I want to find the second-order polynomial that best approximates $t^3$, with respect to the norm of the vector space $V$.
I first proved the bracketing map given in the problem was indeed an inner product for $V$.
Secondly, I converted the standard basis for $V$, $\{1, t, t^2\}$, into an orthonormal basis for $V$, using the Gram-Schmidt process and then normalizing the orthogonal set of vectors.
To answer the question of finding the second-order polynomial which best approximates $t^3$, I know that I am supposed to use this orthonormal basis, and use a sum of projection operators to find my polynomial, but I'm not sure how to proceed.
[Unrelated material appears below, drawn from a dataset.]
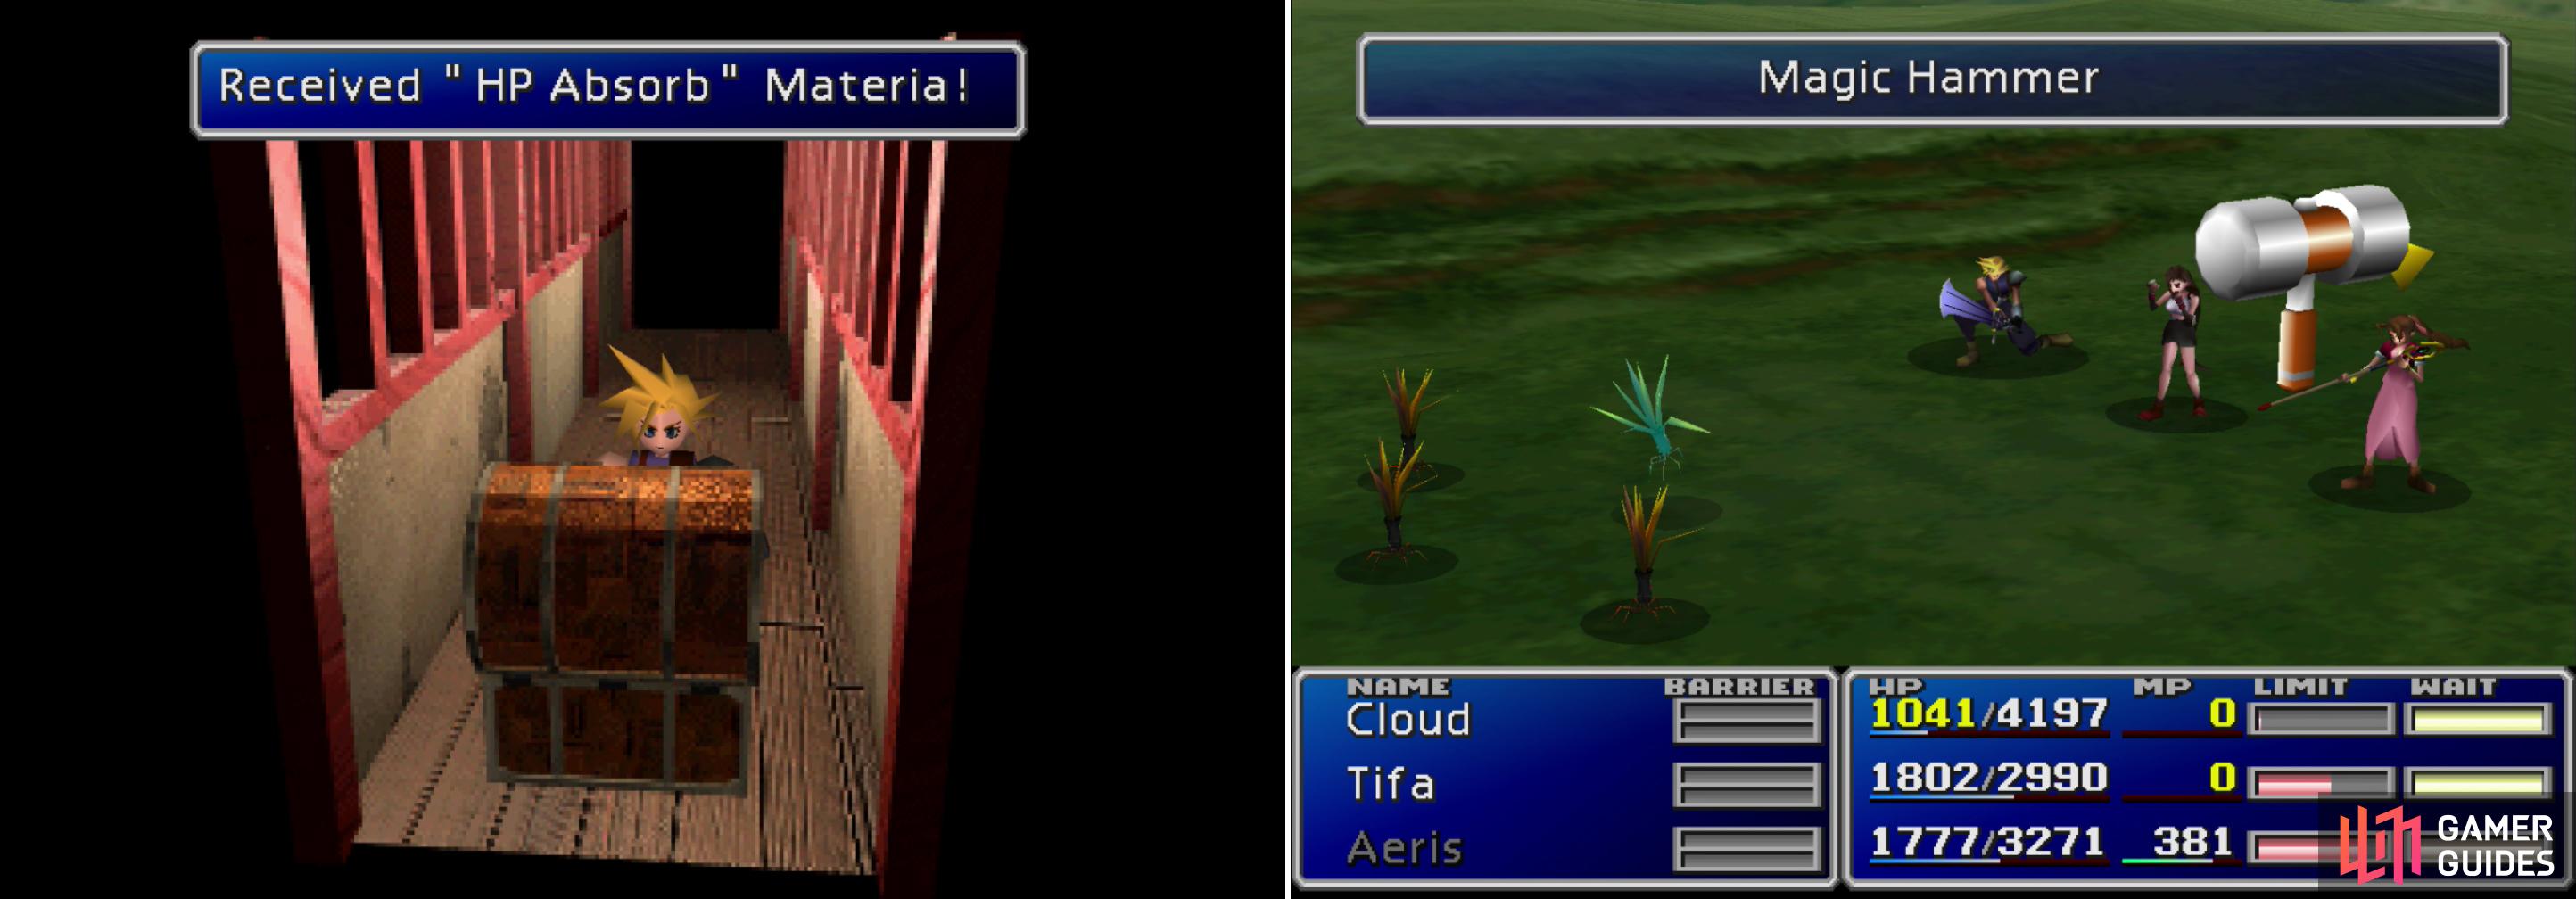 After recovering your Materia, find the HP Absorb Materia in the cat-filled house (left). Learn the Magic Hammer Enemy Skill from the Razor Weeds that dwell upon the grasslands outside of Wuiai (right).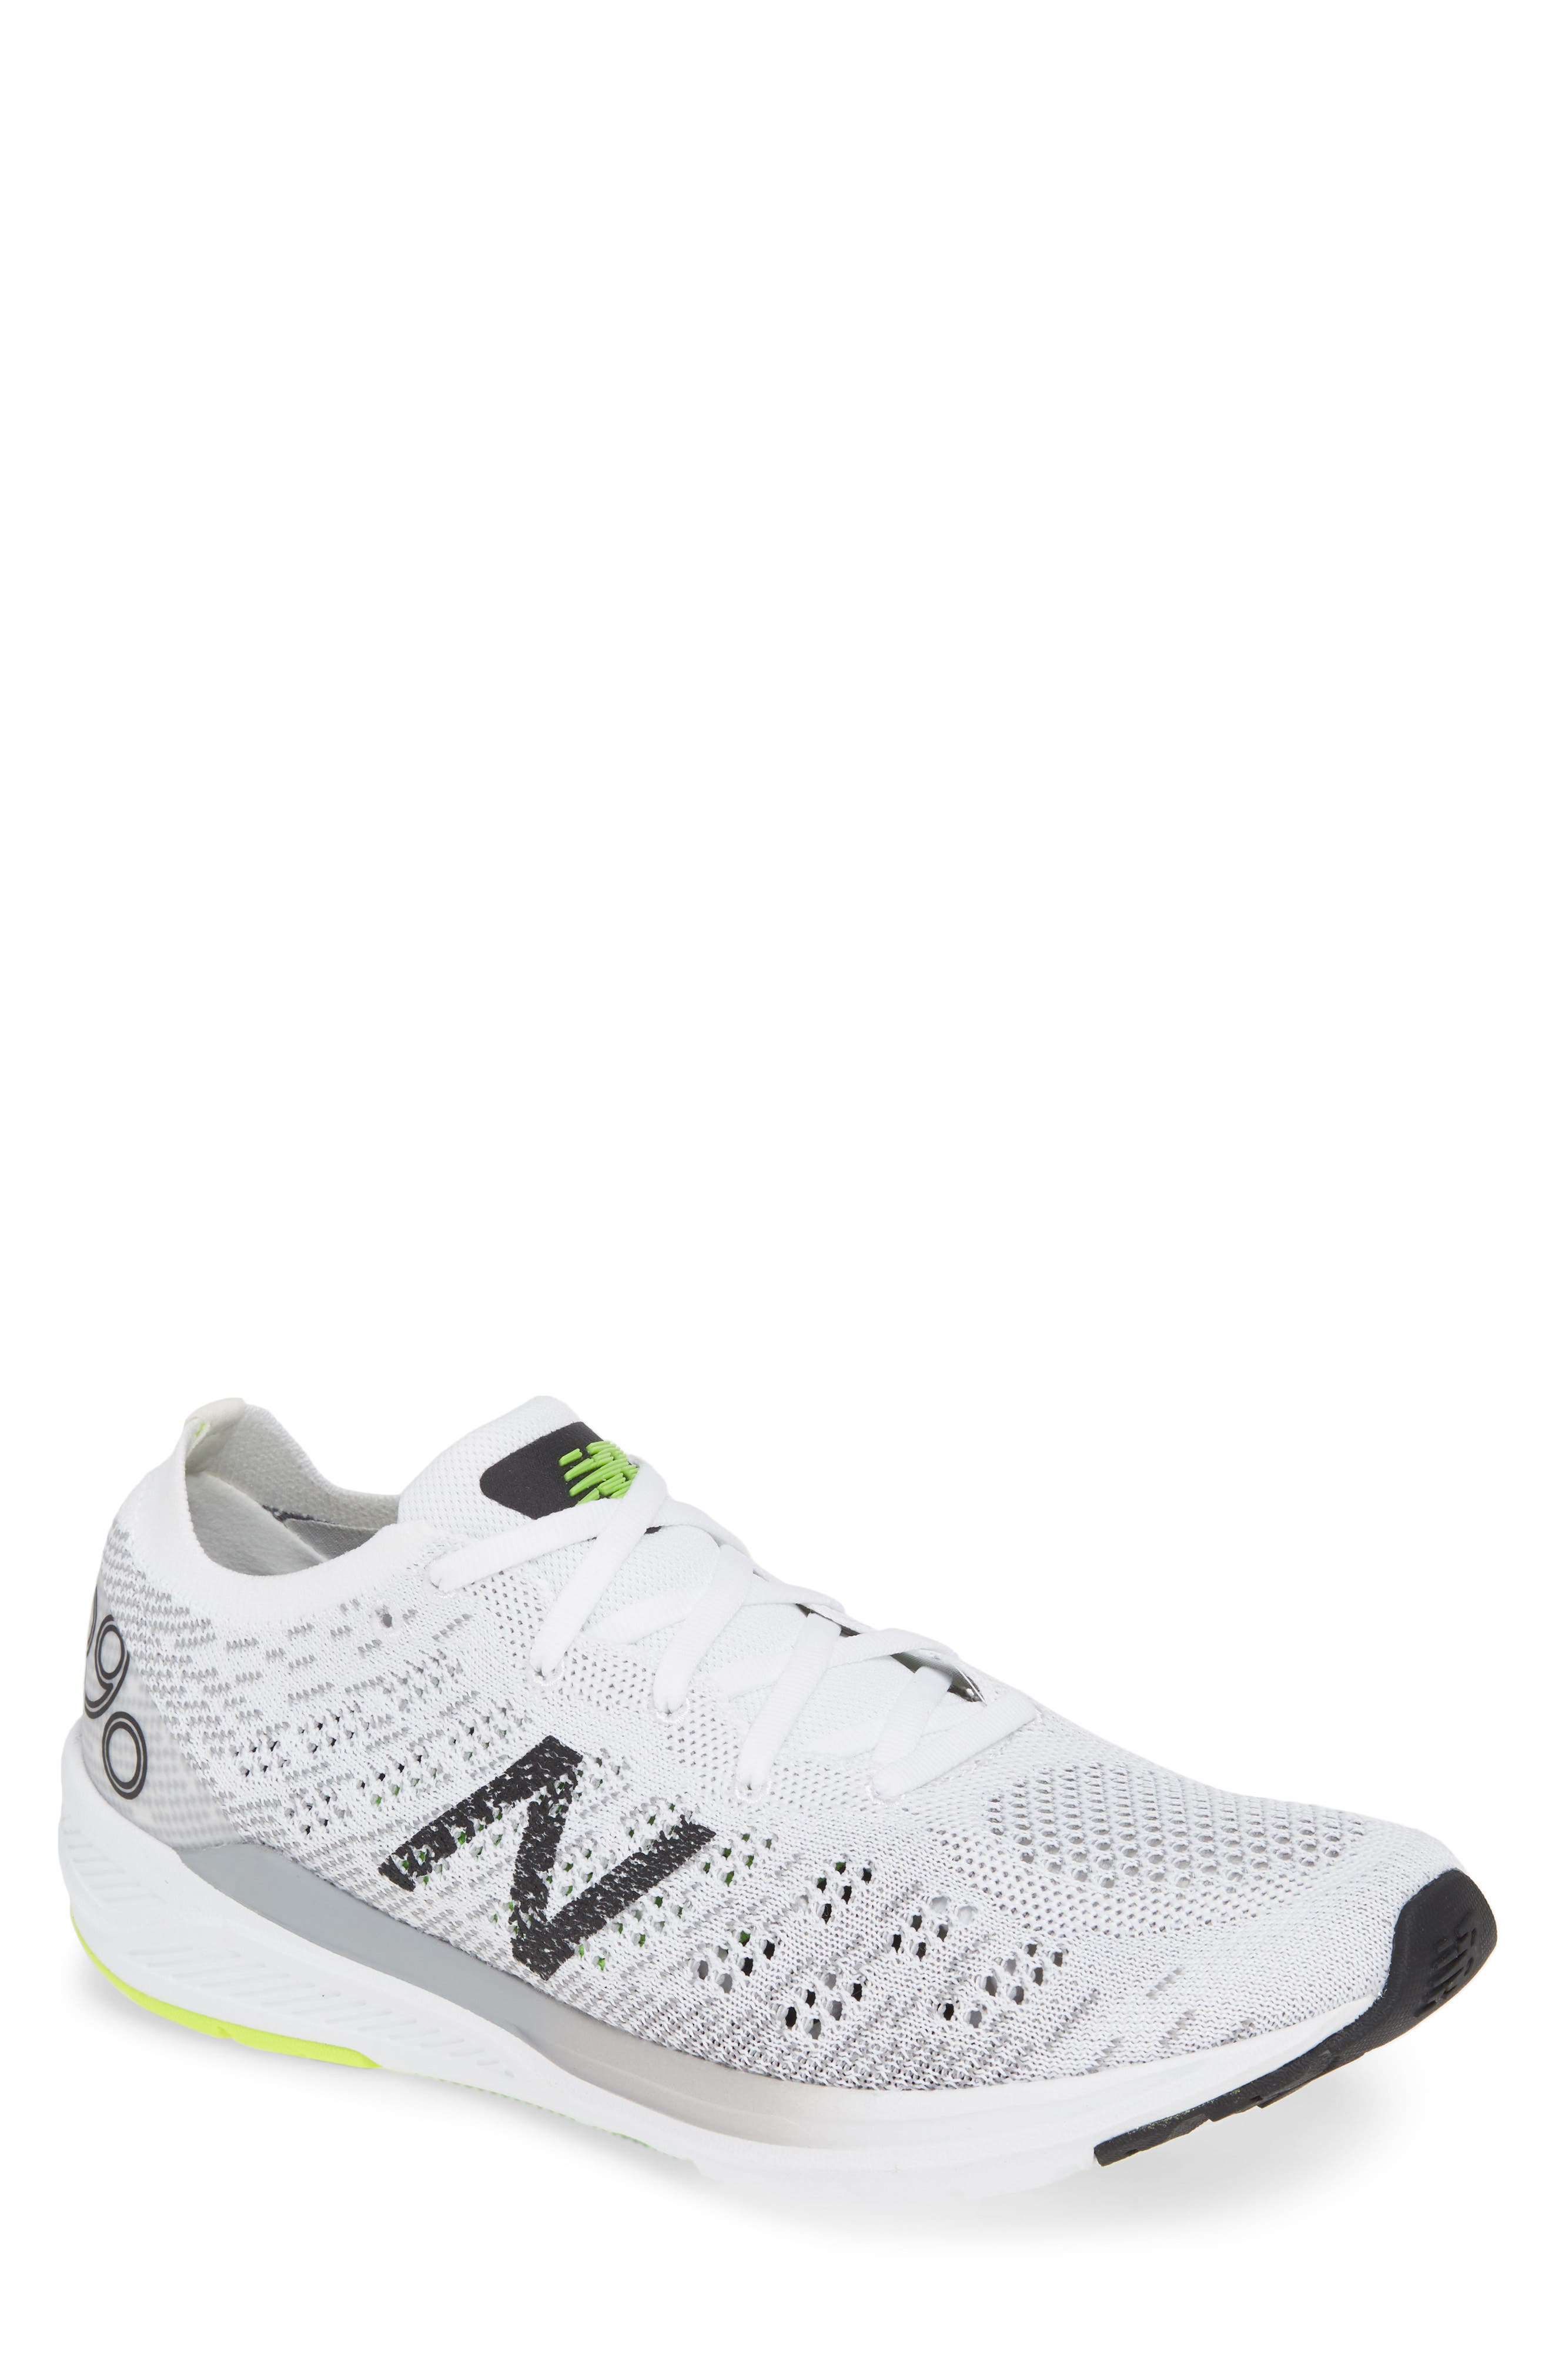 new balance shoes nordstrom

My initial attempt, if it makes any sense at all, is to project $t^3$ onto the subspace spanned by the first orthonormal basis vector, then project $t^3$ onto the subspace spanned by the second orthonormal basis vector, and then project one more time to the third subspace. If this is correct, how I can write out this polynomial explicitly?
Any help would be greatly appreciated. Thanks,
Best Answer
So you have formed an orthonormal basis $B=\{v_1,v_2,v_3\}$ for $V$ via Gram-Schmidt. You have done most of the work. The last thing you need is to find the best approximation of the function $f(t)=t^3$ in terms of $B$, which is done via $$ f(t)\approx\sum_{k=1}^3c_kv_k\quad\text{where}\quad c_k=\langle f,v_k\rangle=\int_a^b f(t)v_k(t)\,dt, $$ where in the last equality I assumed you are using the standard inner product. If not, replace that integral expression with whatever your inner product is.
Yes, your resulting polynomial $\sum_{k=1}^3c_kv_k$ will be explicit.